Antidepressants, judiciously used in association with a sympathetic ear, made an immense difference to many people. Henry encouraged those with recurrent depression to seek help early in an episode as he at last had something which would stem the slide into the misery they knew so well.
Alongside the revolution in medical practice, other changes were occurring. The advent of the NHS at last provided stability for the incomes of less wealthy practices. As late as 1980 a patient I was visiting for pneumonia said to me, “Of course we would never have had you in the old days doctor. A visit was half a crown, and we couldn’t afford that.” The 1966 new contract was enthusiastically welcomed. By this time Henry was involved in medical politics, driving the 40 miles to Gloucester once a month for local medical committee meetings. He was elected to the General Medical Services Committee and also sat on the Medical Practices Committee. The latter required weekly visits to London. He would tear around the practice in a large Citroen trying to ensure that everything was done before he caught his train. One local wag said, “They will never catch the doctor for speeding, only for low flying.”

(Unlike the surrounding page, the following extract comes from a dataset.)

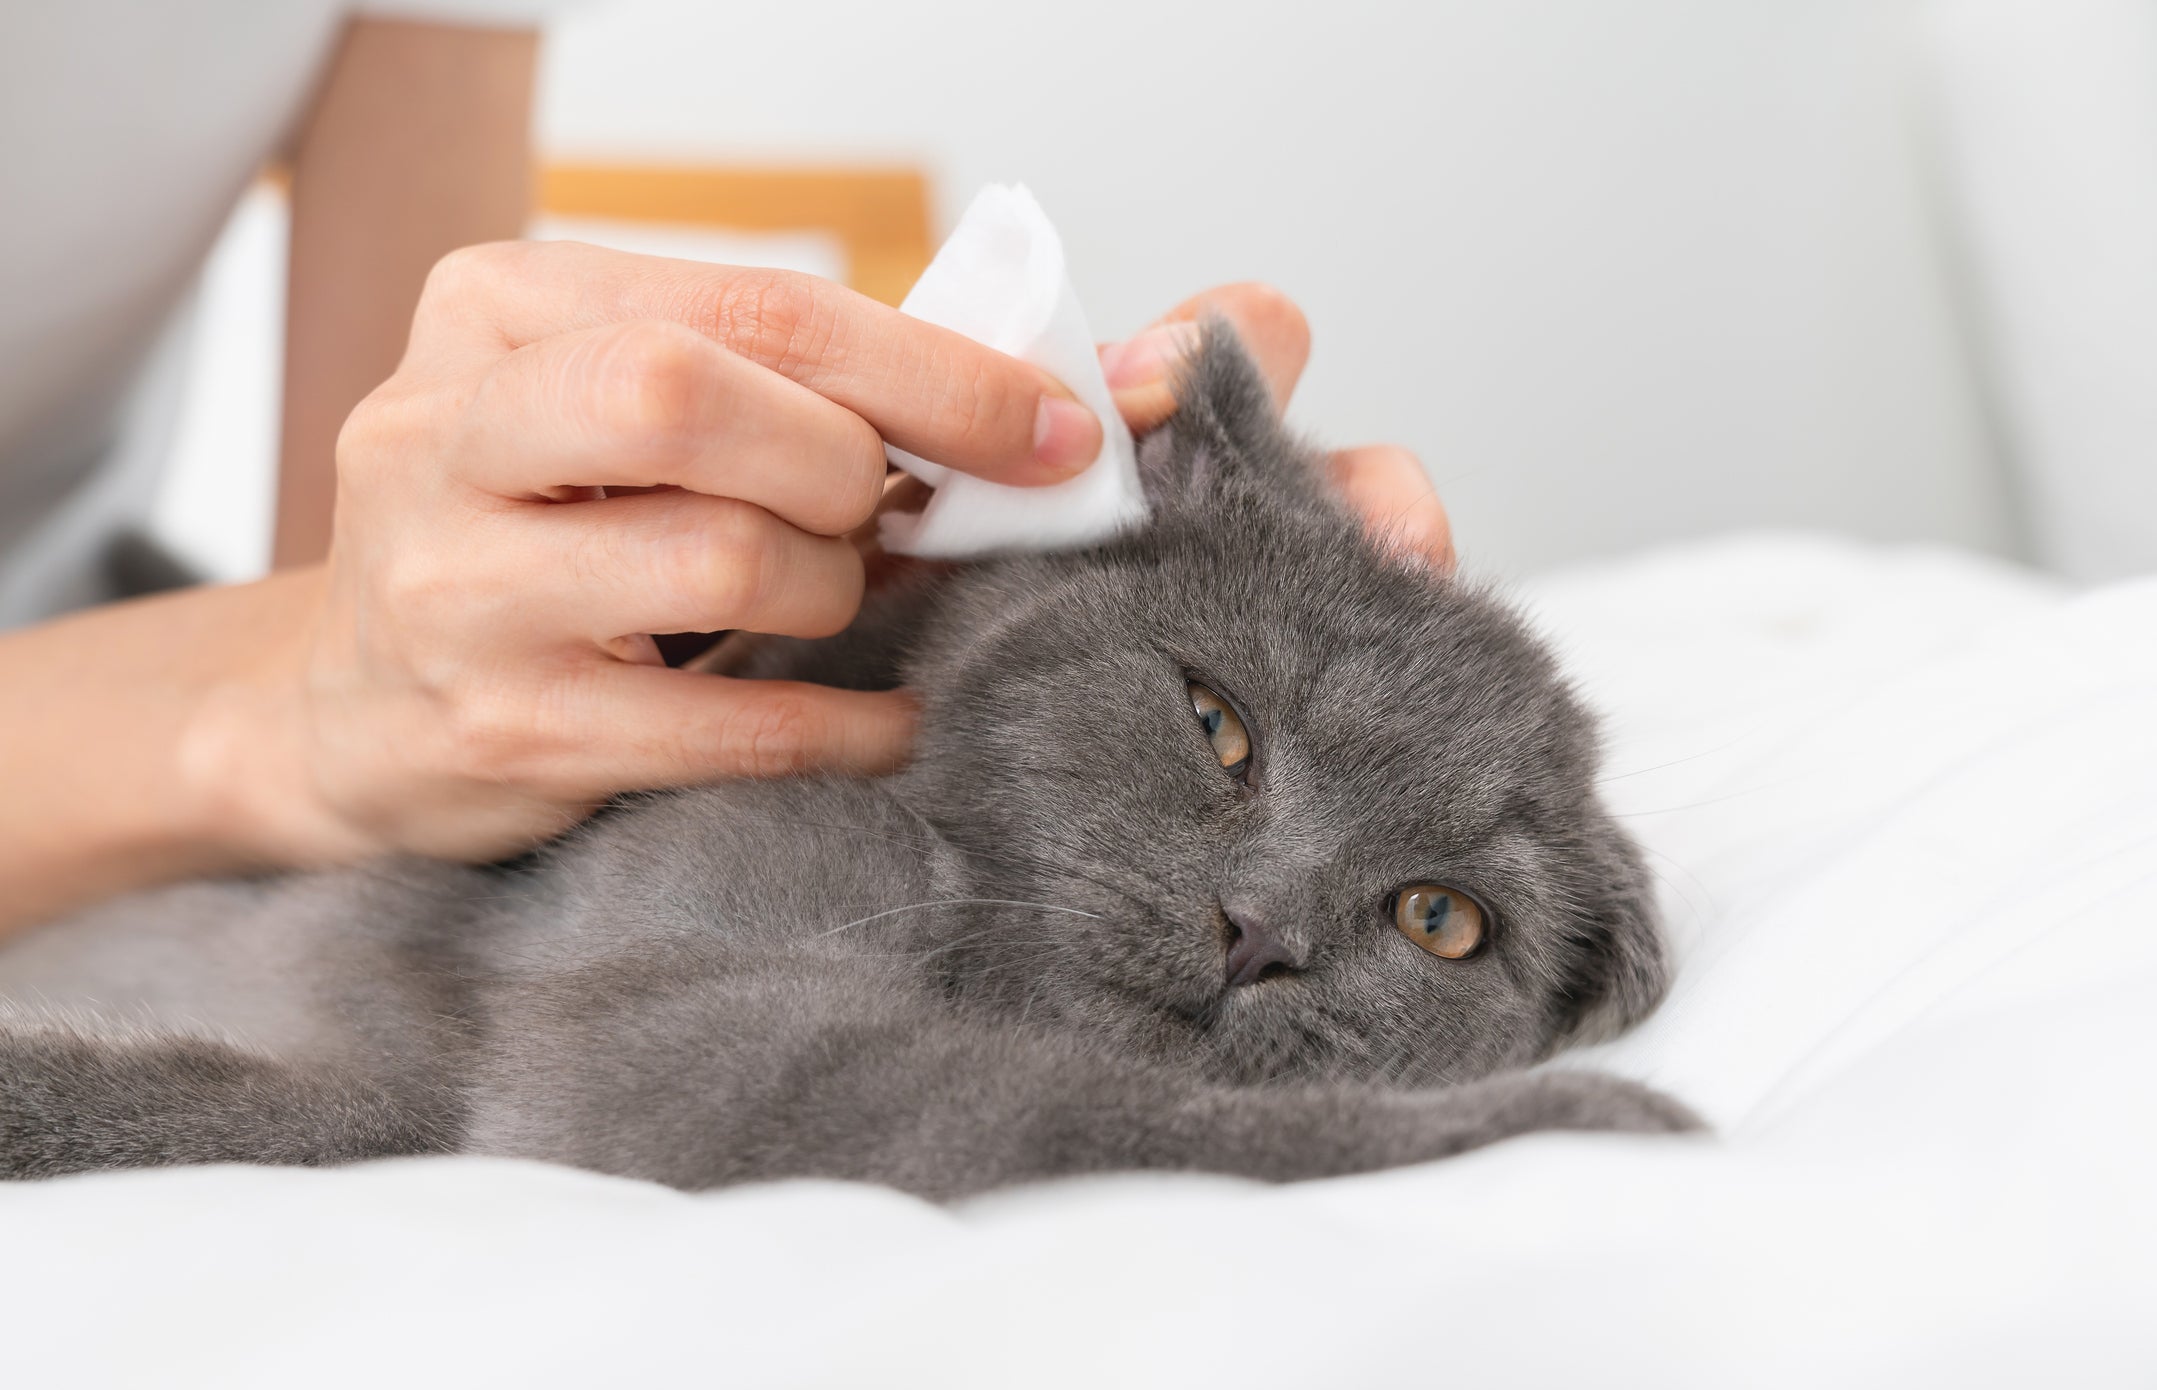 Tutora limpando orelha de gato cinza com lenço branco
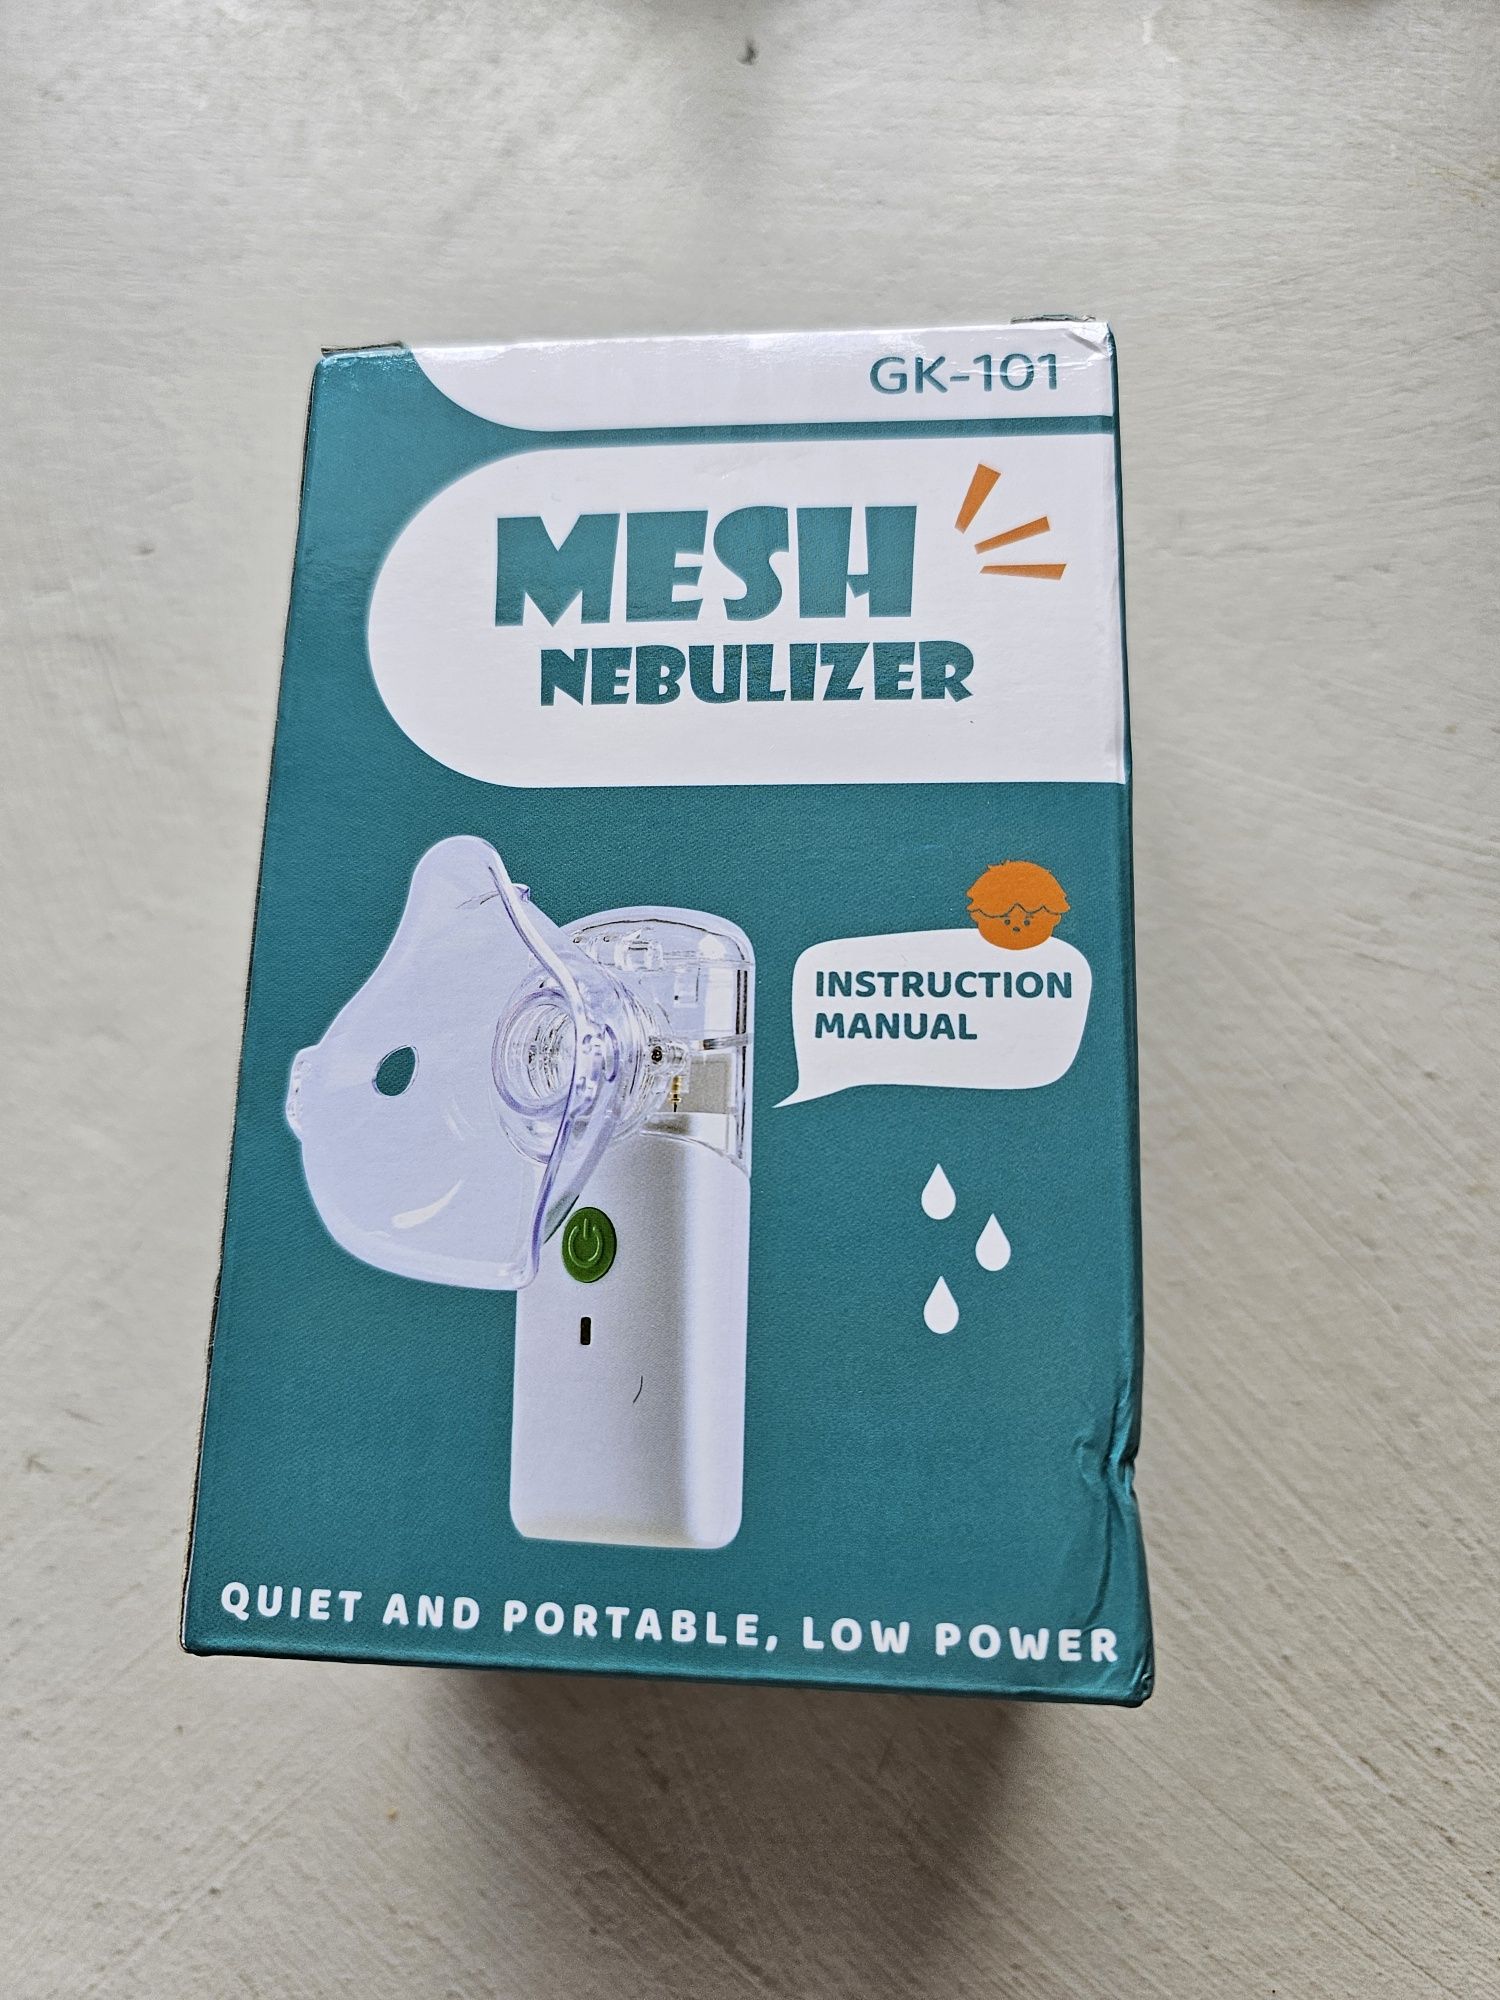 Nebulizator mesh dla dzieci i dorosłych

Education was another area Henry became involved in. Initially there was no postgraduate education of any kind. After the war a Sunday morning teaching round with a consultant was established for general practitioners at Bath Hospital. In time this grew into the postgraduate centre, which was established and financed by local doctors. Students were beginning to come out to practices in the 1950s. Dr Jane Richards had her first experience of general practice with Henry during an idyllic two weeks in 1956. She subsequently returned as a locum and then as an assistant before moving to her own practice in Exeter. They remained firm friends.
Henry finally retired in 1982. The practice now had surgeries in four villages with a general practitioner in each. New premises had been opened in Marshfield in 1976 greatly aided by Henry’s enthusiasm for the future. The practice covered 100 square miles of south Cotswold countryside and the patient numbers were four times greater than when he took over.
Men like Henry Eastes were the backbone of medical care in this country. They had the foresight to embrace change as it occurred at a pace that had never been seen before. Yet in the upheaval they maintained and developed excellent standards of medicine without ever losing sight of the patient at the core of their practice. Before 1940 personal concern and care was almost all that the general practitioner had to offer. Now the therapeutic options are legion but are we in danger of forgetting the central position of holistic care in our enthusiasm for new technologies. Henry’s most important legacy to the practice was the ethos he gave and passed on best expressed in his parting words to Jane Richards when he was off on holiday: “Whatever you do, Jane, be kind to my patients.”
Zeta predeceased him in 1999 (BMJ 2000;320:1149, www.bmj.com/cgi/content/full/320/7242/1149#resp1). He leaves a son, two daughters, and several grandchildren.
Cite this as: BMJ 2009;338:b2234
Former general practitioner Marshfield, Gloucestershire (b 1912; q University College Hospital, London, 1937; FRCGP), d 17 December 2008.